- [BRIEF] From the entries below, write out exactly the lines between the line holding "Trans HUMAN tshirt" and the line holding "La famosa torre", inclusive, excluding any pictures.

- [AVAILABLE DATA]
______

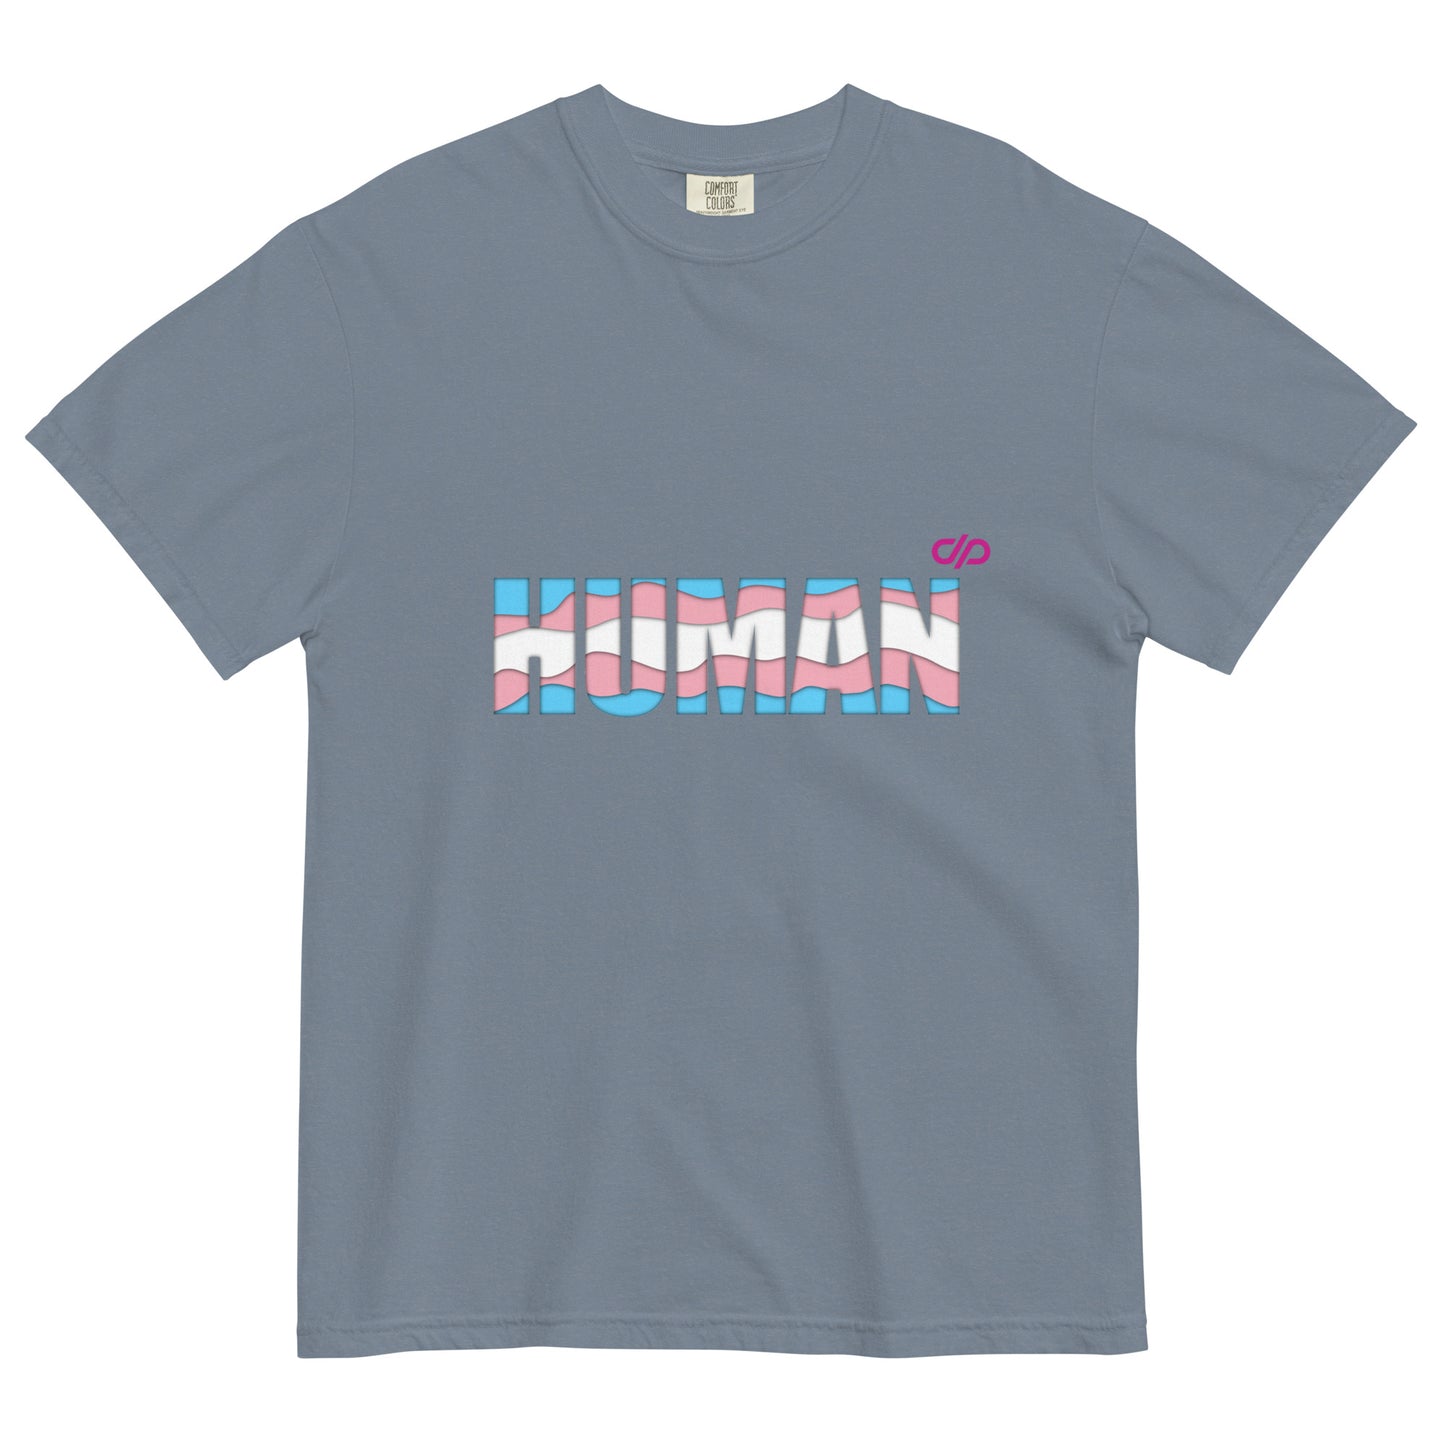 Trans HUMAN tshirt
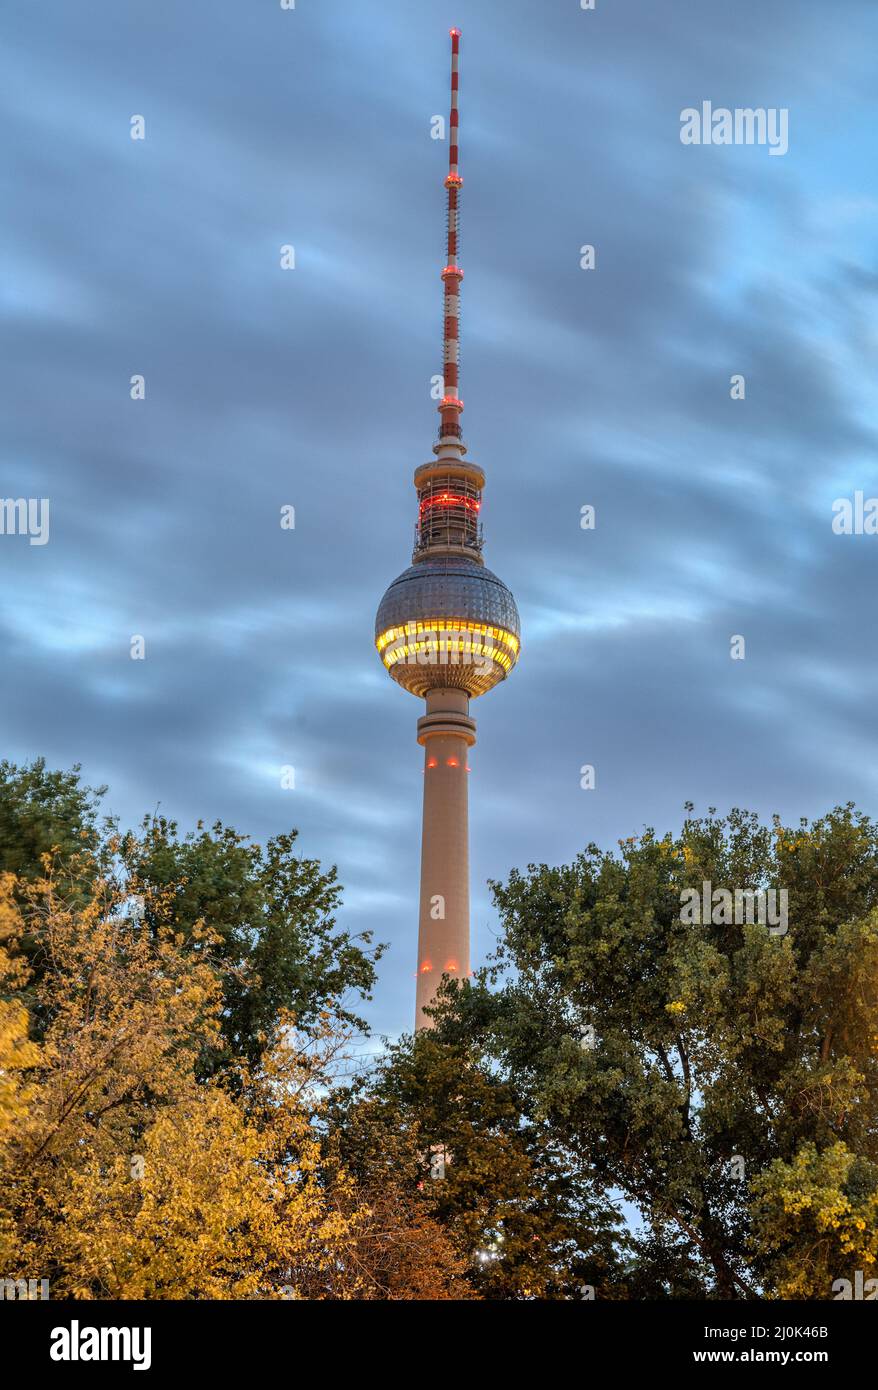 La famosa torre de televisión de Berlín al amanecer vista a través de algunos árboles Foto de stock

______

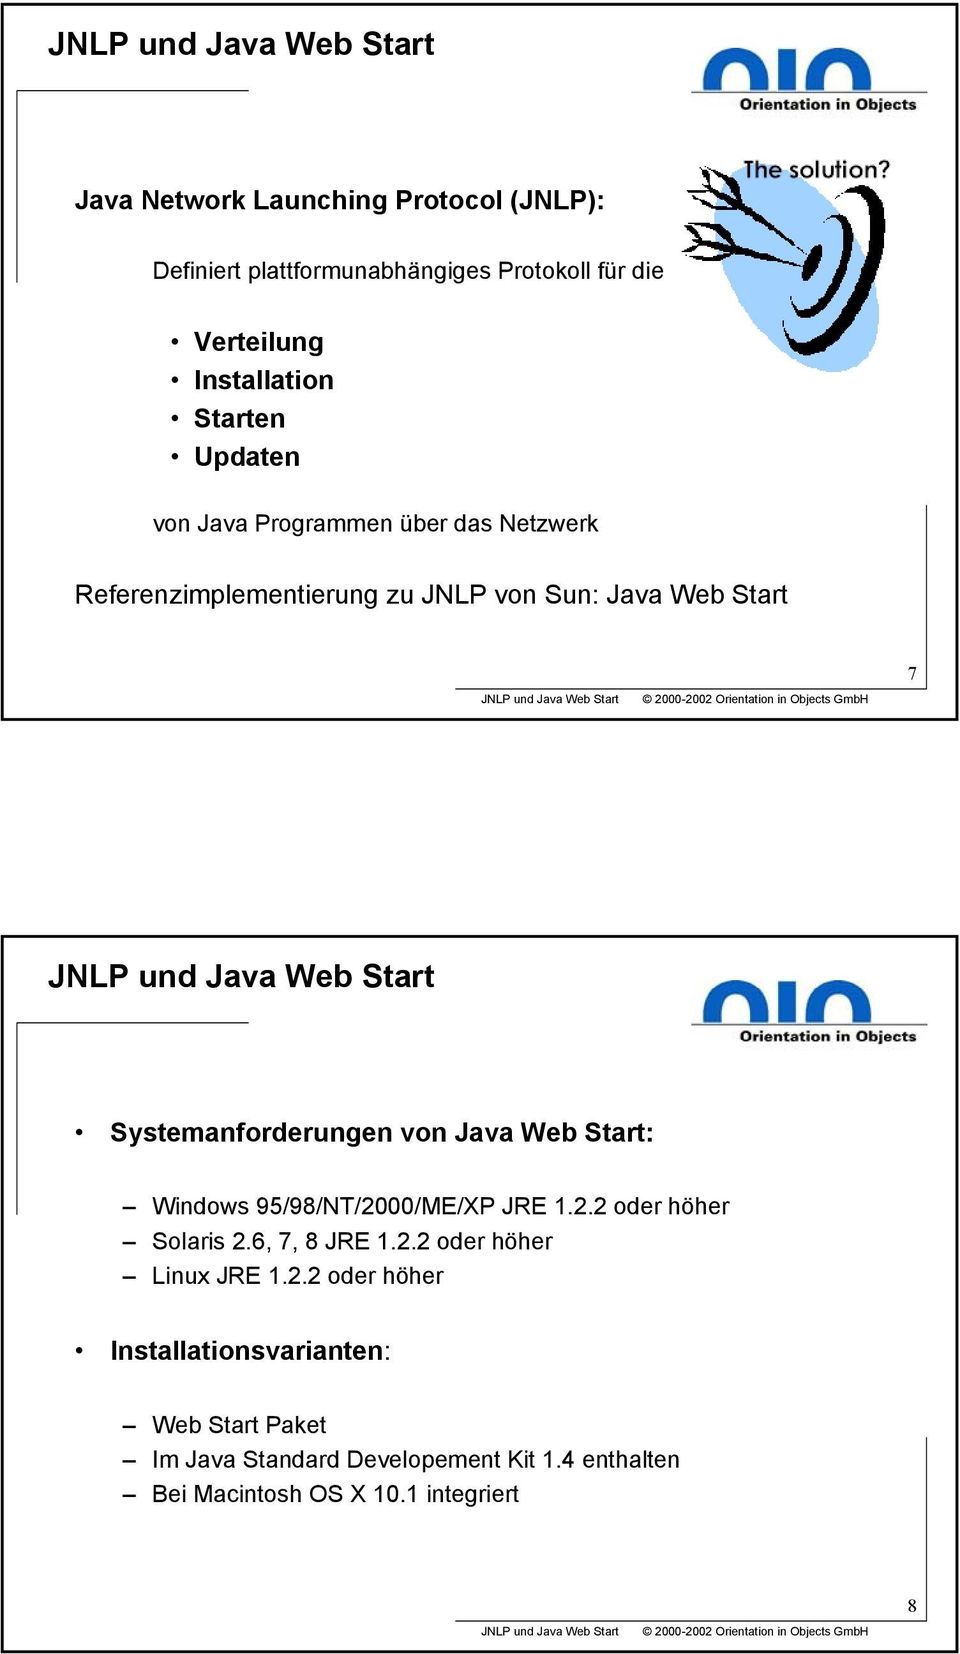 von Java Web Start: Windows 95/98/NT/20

______

- [SOLUTION TO THE EXERCISE]
 Trans HUMAN tshirt
 La famosa torre de televisión de Berlín al amanecer vista a través de algunos árboles Foto de stock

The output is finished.